In 1998 I had a complete, absolute breakdown, and I spent four days in bed; I was asleep and semi-unconscious. When I eventually did get out of bed, I had some water, went back, looked at the bedroom and couldn’t believe what I could see; this absolute mess and decay of my life, and then I saw the bed out of that context of this tiny, tiny, bedroom, and I saw it in just like a big, white space. I realised that I had to move the bed and everything into the gallery space.
I was nominated for the Turner Prize in 1999 and in all honesty I never believed all the fuss and everything that would be caused about it; I had no idea.

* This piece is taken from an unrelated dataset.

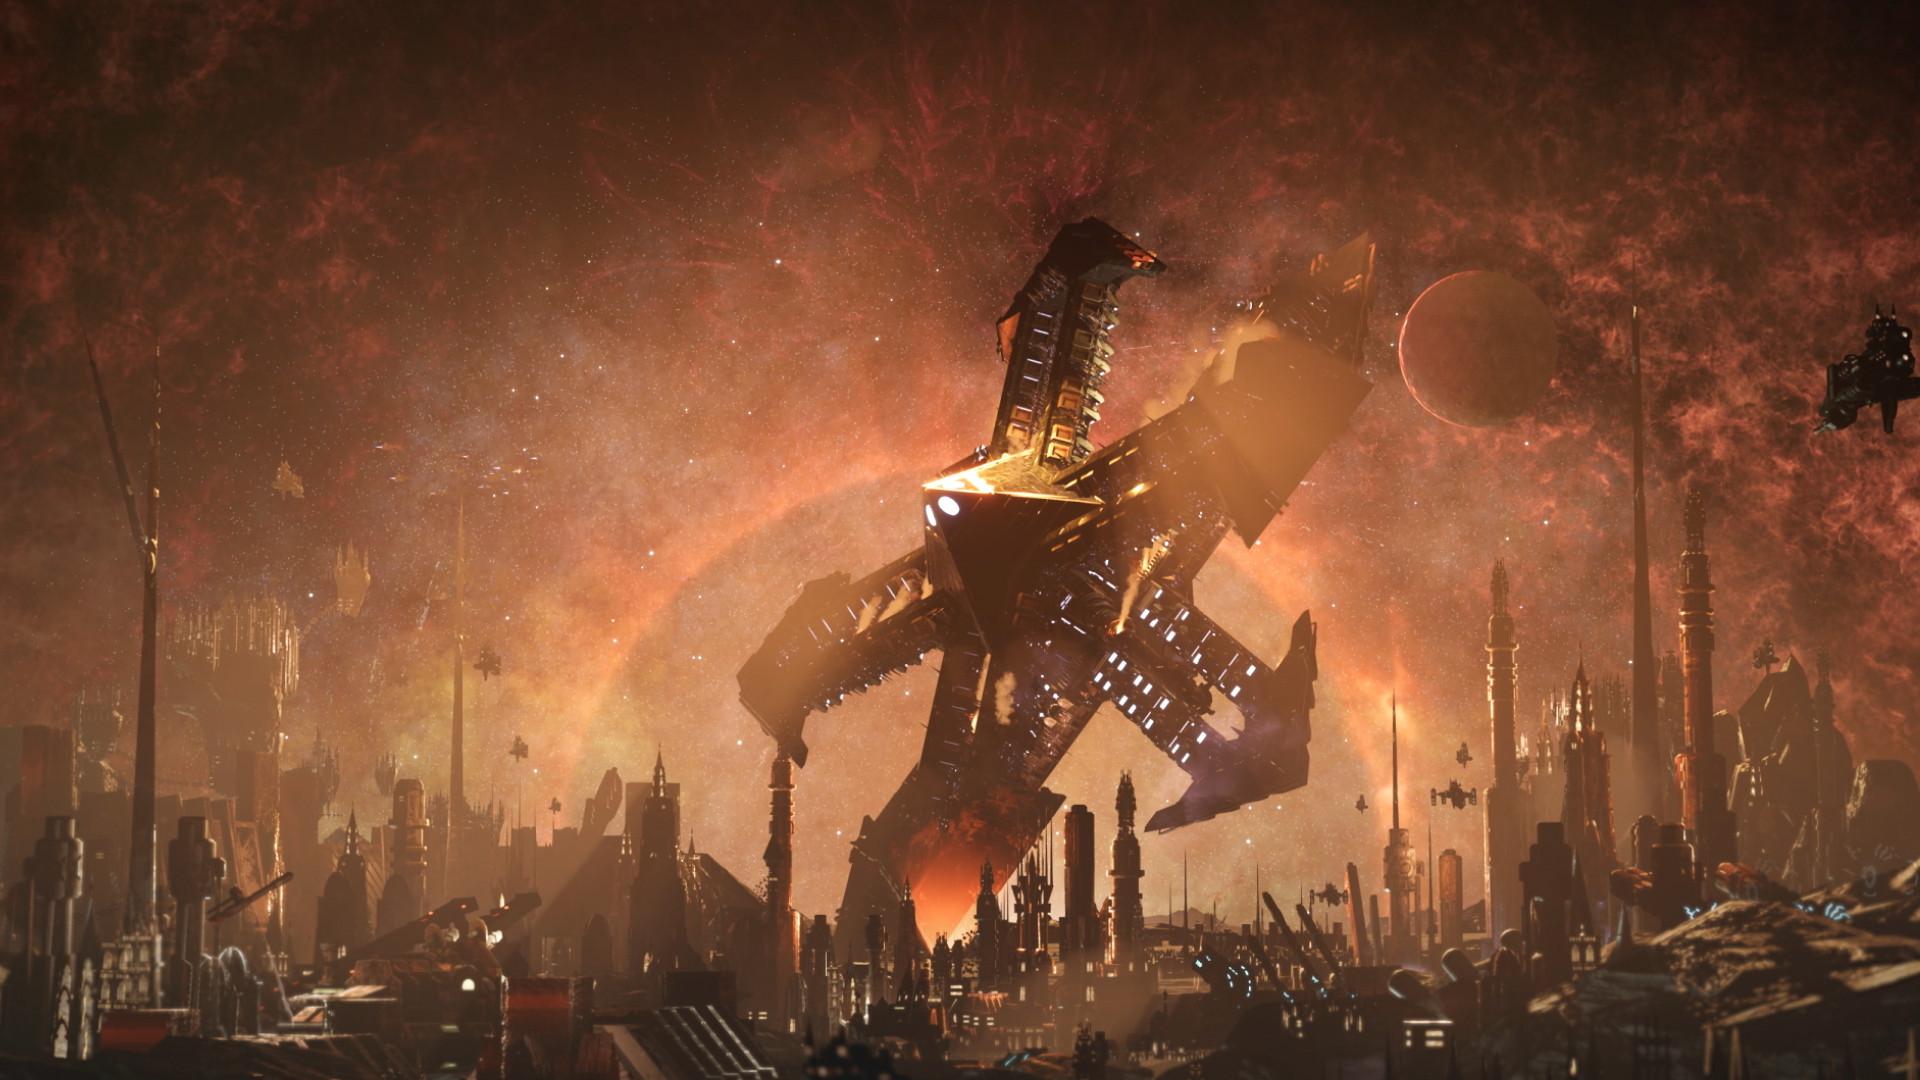 Data de lançamento do Battlefleet Gothic: Armada 2 e cronograma de testes beta confirmados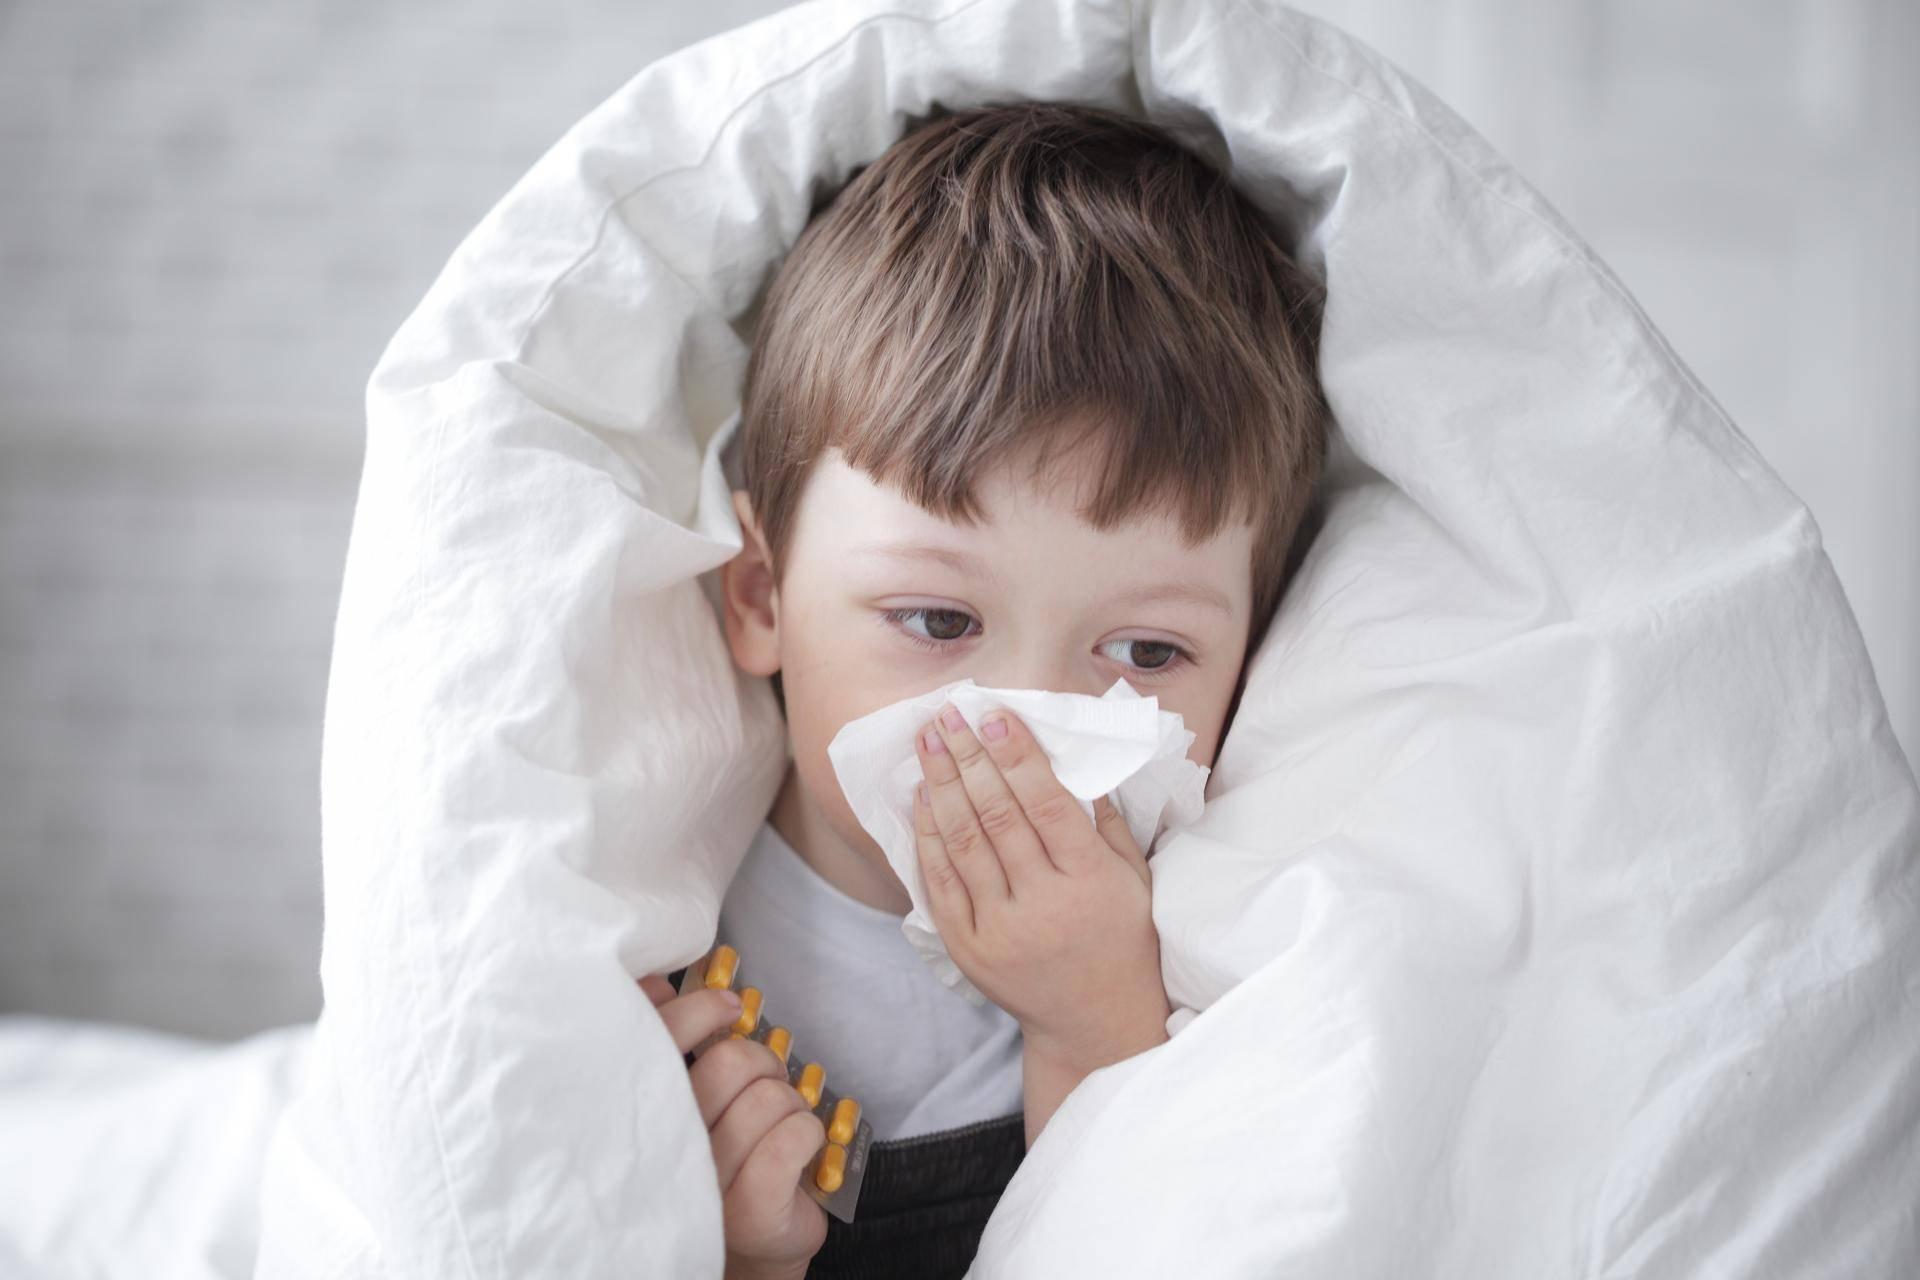 Причины кашля и насморка без температуры у ребенка

I think in the 1990s British art was making such a huge impression on people and all the tabloids were actually genuinely interested in it, regardless of how they set it up, and so that made the public interested in it, and I think the bed captured people’s imagination; it was a good thing for zeitgeist of the time.
For me it was important to bring it back to Tate Britain, but I’d like it to be shown in a different context at Tate Britain, so I wanted it to be shown historically. I chose Francis Bacon because his life was kind of pretty chaotic and he just did whatever he wanted to do, drank whatever he wanted to drink, slept with whoever he wanted to sleep with; he was a maverick within society.
The paintings that I’ve chosen like these big, undulating roles of flesh and these things turning and these folds and everything, and it’s much the same as the bed; the bed is folding, the bed is turning, the bed is moving. Francis Bacon’s paintings aren’t static, they’ve got total movement and so has the bed.
The reason why the drawings are here is because I wanted something which I’m making right now to accompany the bed, and the drawings are a donation to the Tate because I wanted people to be able to understand how the Tate still relates to what I’m doing now; there’s this chaos, there’s this body, there’s this movement. The person in those drawings could’ve just walked out of that bed and that also relates to Bacon as well.
When I’m installing the bed it’s kind of really sad and very depressing because I’m actually going into a time capsule of my past. All of the things that are round the bed no longer relate to my life at all, but I’ve got to say I’d be really stupid to be unhappy about this moment. Bringing it back to the Tate, Tate Britain, and showing it with paintings of my choice, I couldn’t be happier about that; it’s just brilliant.